Government must improve on fossil fuel use to better air quality

Published: 00:00, Feb 11,2021


A LACK of regulation for the use of fossil fuels such as gas, coal, petrol and diesel, as New Age reported on Tuesday, has brought to the fore a disconcerting negligence of the government. When the danger of fossil fuel combustion is discussed, it inevitably comes down to the emission of carbon dioxide and climate change, but the health impact of the pollutants released into the air in the process is hardly talked about. An international study, conducted by four universities including Harvard University, shows that the overall concentration of fine particles, or particulate matters 2.5 that are two and a half microns or less in width —  there are 25,000 microns to an inch — was 58.9 micrograms, a millionth of a gram, per cubic metre of air in 2012; and 52.3 micrograms per cubic metre, or 88.79 per cent, of particulate matter 2.5, the second highest that year, is said to have been accounted for by the burning of fossil fuels.

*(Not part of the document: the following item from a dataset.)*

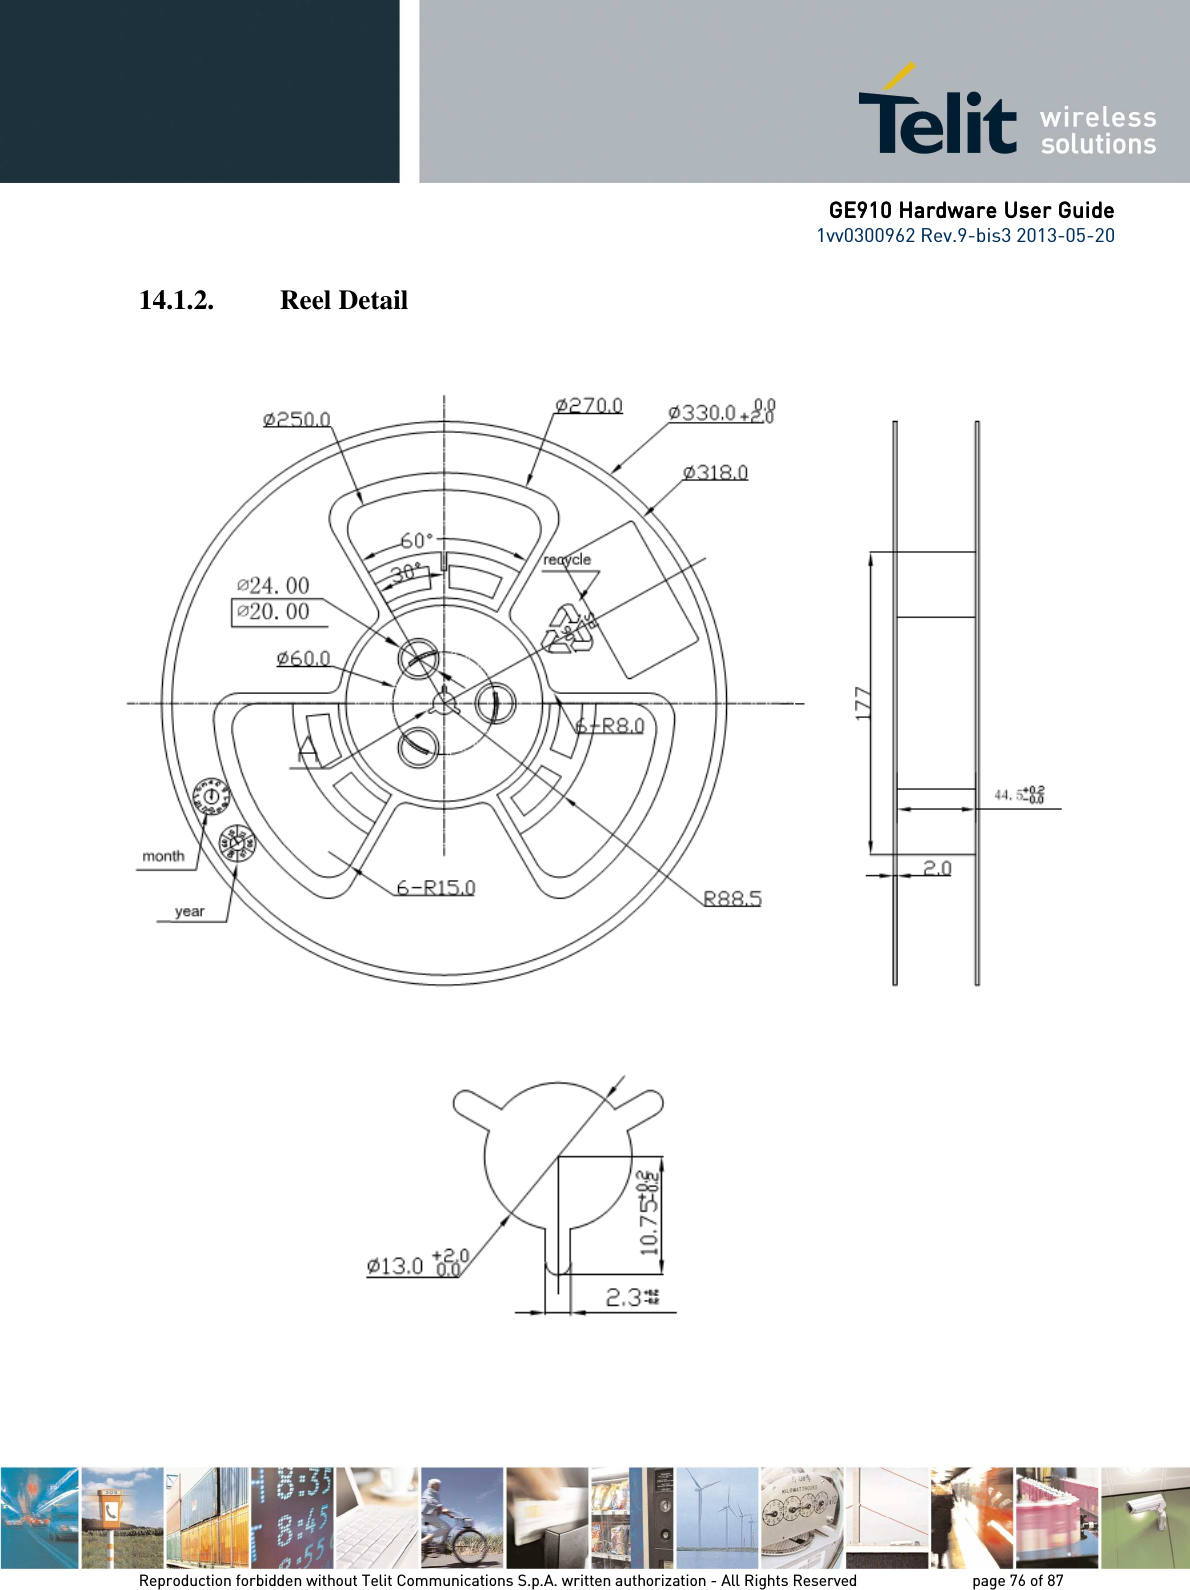      GE910 Hardware User GuideGE910 Hardware User GuideGE910 Hardware User GuideGE910 Hardware User Guide    1vv0300962 Rev.9-bis3 2013-05-20   Reproduction forbidden without Telit Communications S.p.A. written authorization - All Rights Reserved    page 76 of 87 Mod. 0805 2011-07 Rev.2 14.1.2. Reel Detail

While Bangladesh uses less fossil fuels than many other countries do, the country has the second highest mortality rate because of the air pollution caused by the burning of fossil fuels. A 36.5 per cent of the overall mortality rate caused by air pollution places Bangladesh right after China, with a 40 per cent mortality rate caused by air pollution.

While this is the situation, the per capital fossil fuel consumption in Bangladesh, keeping to global statistics, was only 6,303 megawatt-hour in 2019 while the figure was 23,373MWh in China that time. This shows that the burning of fossil fuels in Bangladesh is nowhere near efficient. And the blame is largely put down on old buses that cannot burn the fuels efficiently and release particulate matter 2.5 into the air, causing a high level of pollution. An environment department estimate shows that there are half a million buses in the capital city and many of them run on old engines in violation of the Bangladesh standards as they cannot run on quality fossil fuels. This makes Bangladesh import substandard fuels to run the buses which also adds to air pollution. A situation like this provides for an important reason for the government to stop air pollution with a view to improving its burden on public health and to attend to the issues of fossil fuels of old engines in vehicles that have largely added to the air pollution for years. The situation in Bangladesh is said to have deteriorated further in recent years with the concentration of particulate matter 2.5 per cubic metre of air hovering around 100 micrograms on an average round the year. The short-term standard, or the daily average, of air quality is 35 micrograms per cubic metre and the long-term standard, or the annual average, is 12 micrograms, as various international air quality standards suggest.

While the government must, therefore, ensure an efficient use of fossil fuels to improve on the air quality and stop air pollution, with a greater focus on old engines of public buses, it must also draw up a plan of action to reduce the concentration of particulate matter 2.5 for the protection of public health.